Generative AI has unlocked the value of unstructured text-based data. This does not mean we’ve left the world of data engineering behind; unstructured data still requires robust data pipelining. Just as machine learning applications rely on data engineering, so do generative AI applications. Without data engineering, the development of generative AI would not be possible.

In the second part of our AI 101 series, we’ll explore why having a robust data engineering program is vital for Gen AI success.

Where Data Engineering Fits in a Gen AI Application

Out of the box, large language models possess good foundational knowledge. However, little value is added if a generative AI application relies solely on a model’s foundational knowledge without additional context or training/fine-tuning. The retrieval augmented generation framework was introduced to address this issue.

RAG is a framework that retrieves additional information from a knowledge base to augment the prompt input provided to the LLM with relevant context. This additional context will enable the LLM to produce the best possible result given the information in the knowledge base. Data engineering comes into play when processing and storing structured and unstructured data into formats that are ready to be used as context for LLM prompts.

PDFs, internal wiki pages, and slack threads are examples of unstructured data that contain valuable textual information that can be provided as context for an LLM. That being said, these sources in their native form are neither in a location nor format that would be easily accessible to a RAG-based generative AI application.

Data engineering is required to process and store these unstructured data sources in a vector database or search engine. With the unstructured data processed and in a data store, a generative AI agent can more easily retrieve the most relevant information as context for the LLM.

Even though LLMs have unlocked the value of unstructured data, structured data remains valuable for generative AI applications, offering relevant contextual information.

For example, let’s say you are building a chatbot for your customers.
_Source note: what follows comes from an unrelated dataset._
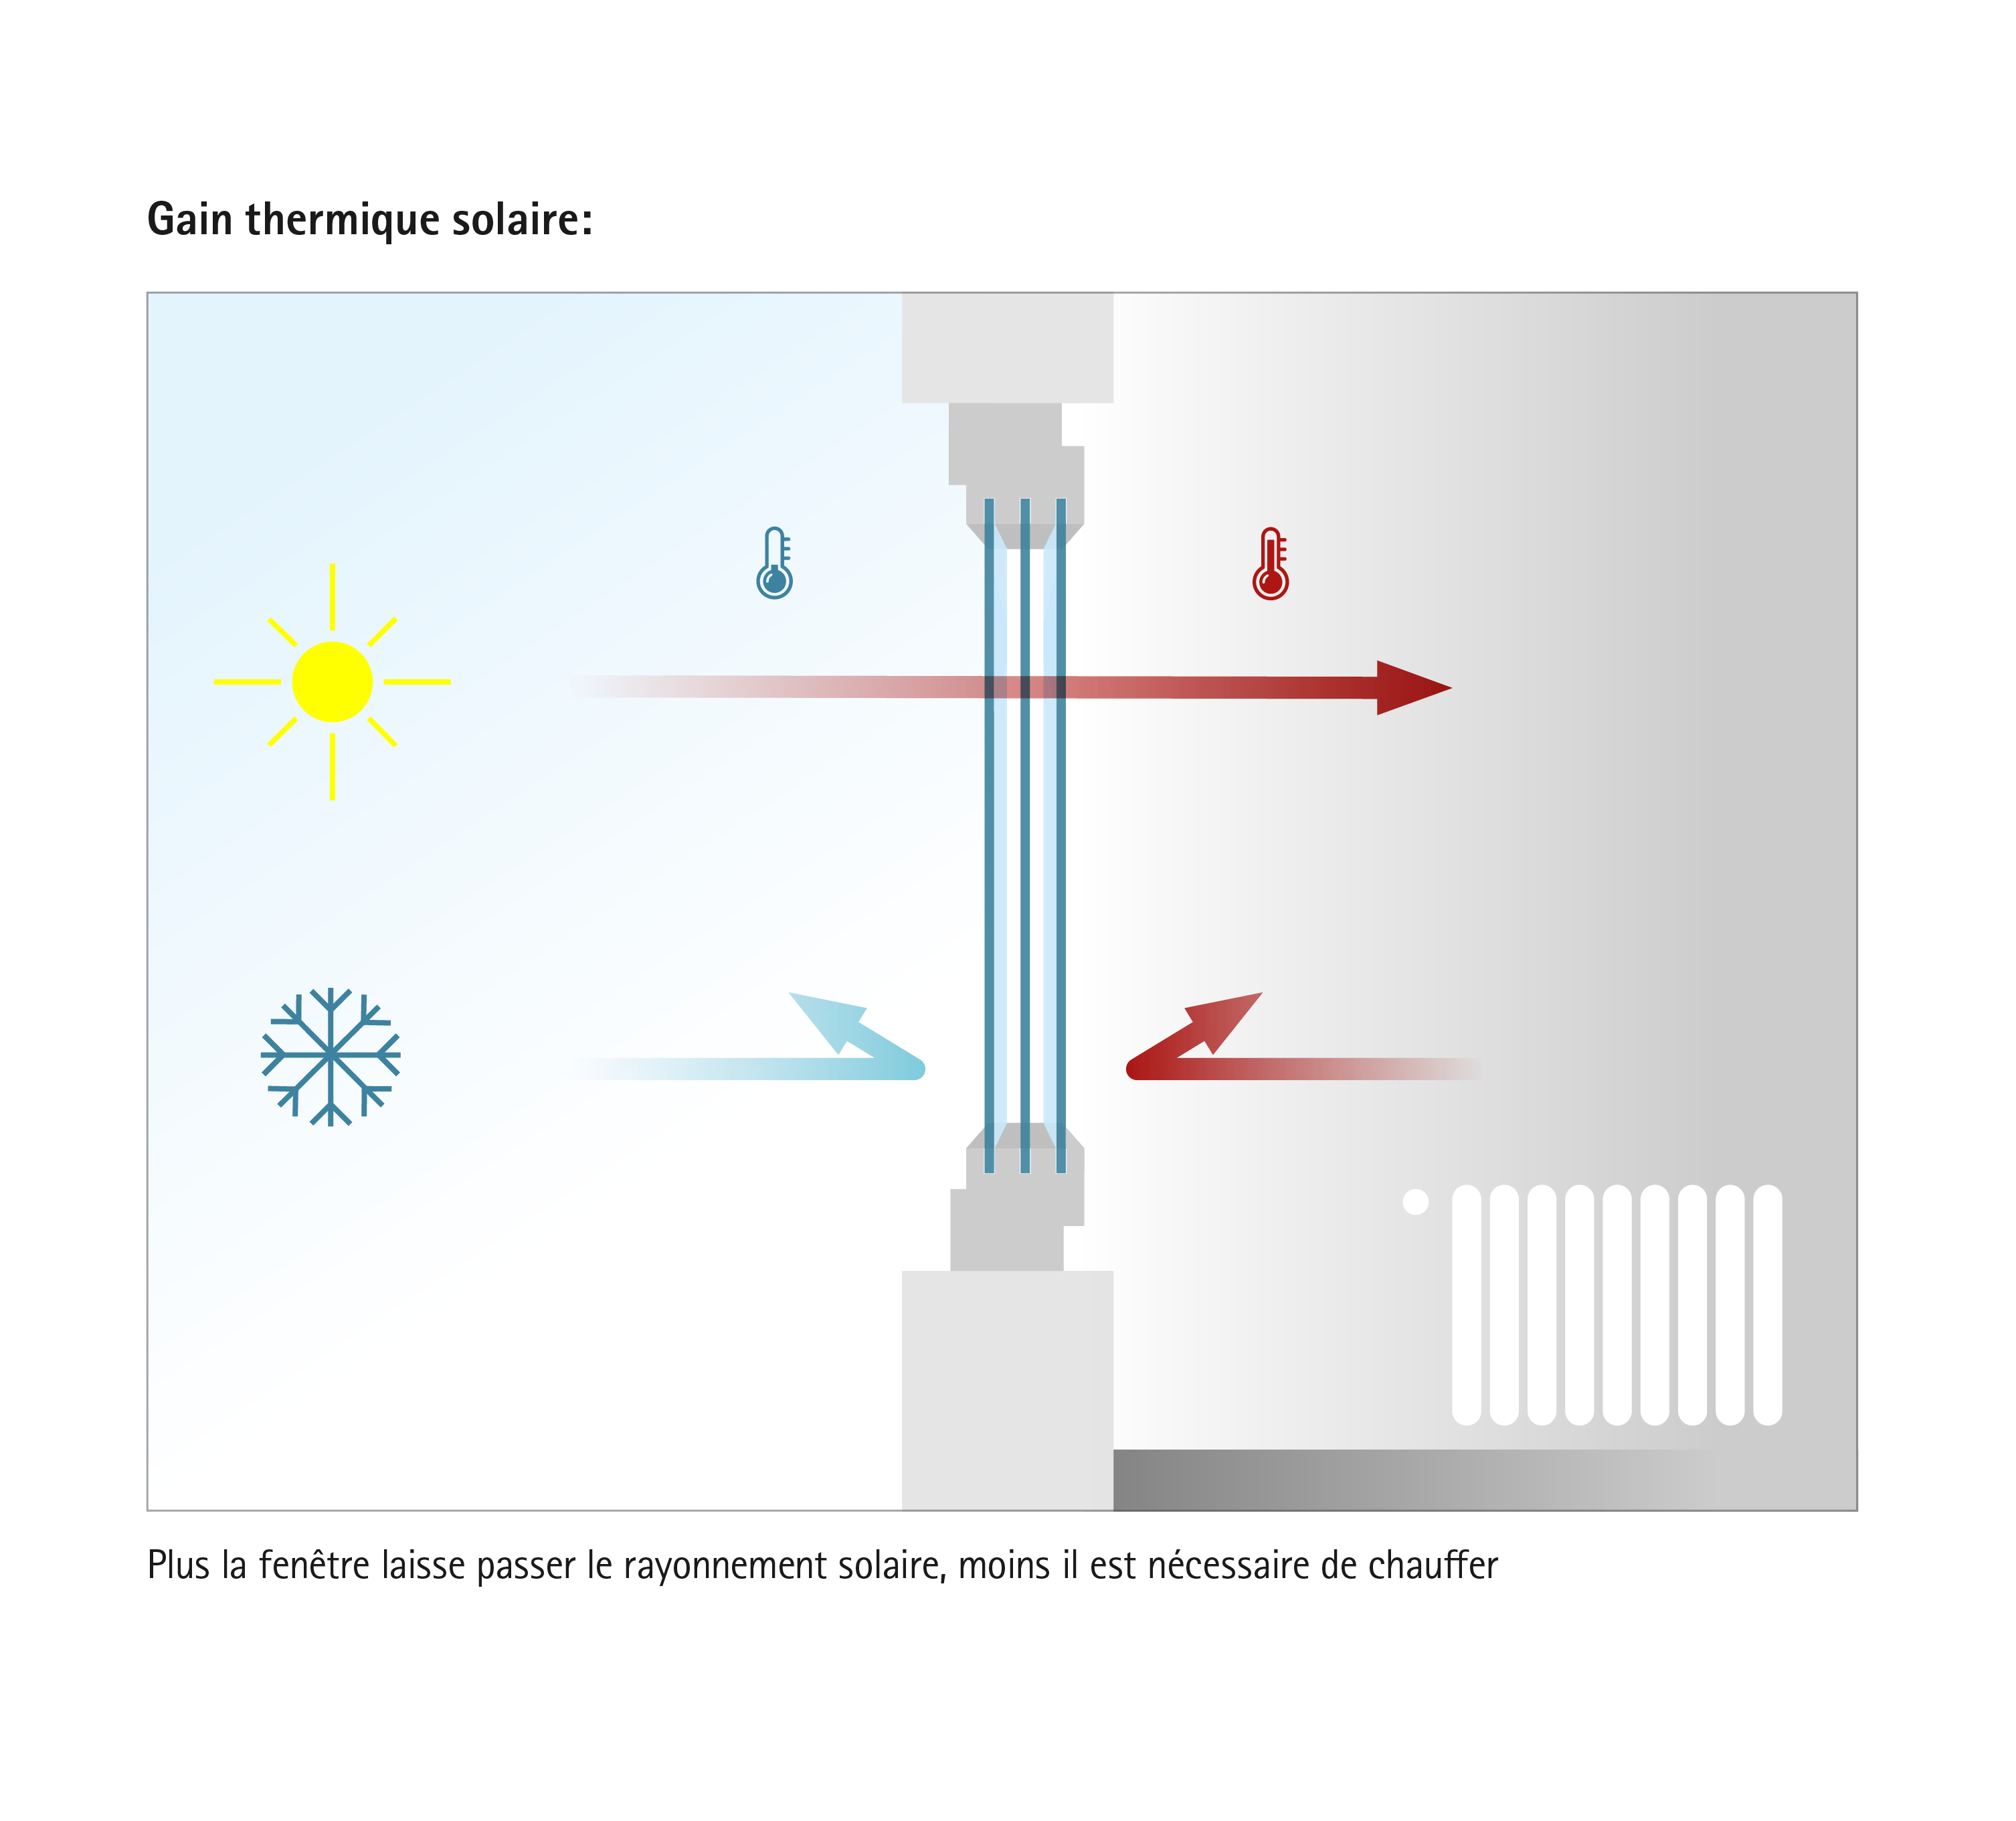 Gains d'énergie solaire : les fenêtres modernes laissent entrer les rayons du soleil dans la maison tout en réduisant la perte d'énergie thermique précieuse.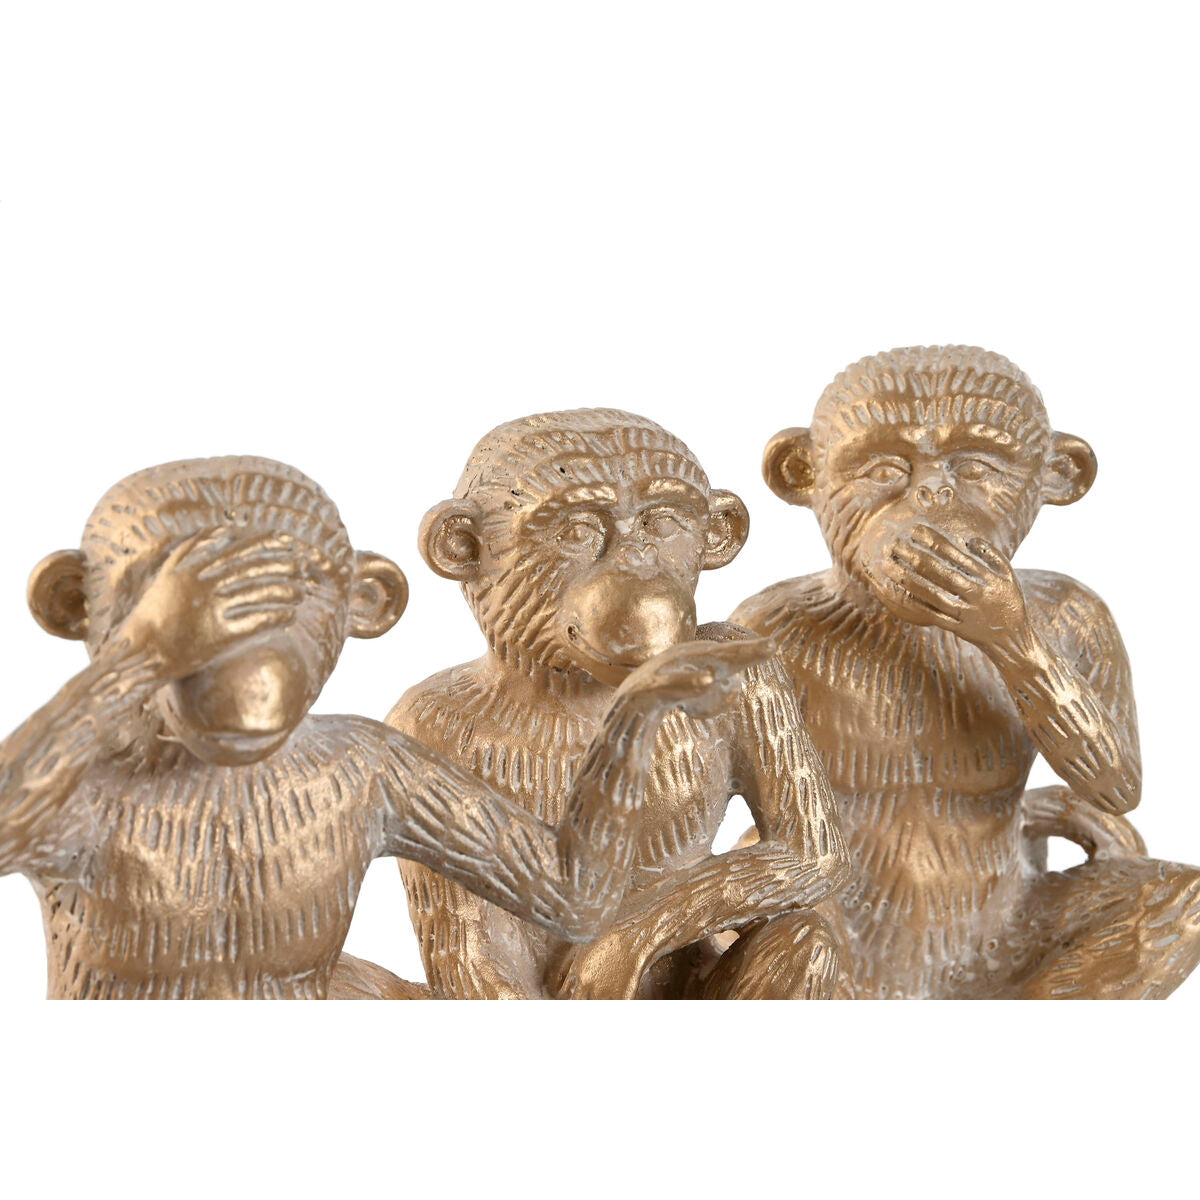 Decorative Figure Home ESPRIT Golden Monkey Tropical 14 x 10 x 14 cm (3 Units)

Creating a central structured data store of customer information, such as customer name, age, and preferences, can enable an LLM to generate more personable responses.

Data Engineering for Structured Data

The concept of processing structured data and storing it in a centralized data store is traditional data engineering; it is not a new concept introduced by generative AI applications. Data may initially reside in its raw form across multiple databases or SaaS applications. A data integration tool like Fivetran can efficiently centralize all relevant data into a single data store. Once the data is in a centralized data store, such as the Snowflake AI Data Cloud, an orchestrator and transformation tool like dbt can transform it into features that provide valuable context to an LLM.

What we’ve described as “a centralized data store with pipelines that transform data into features” is, in essence, a feature store.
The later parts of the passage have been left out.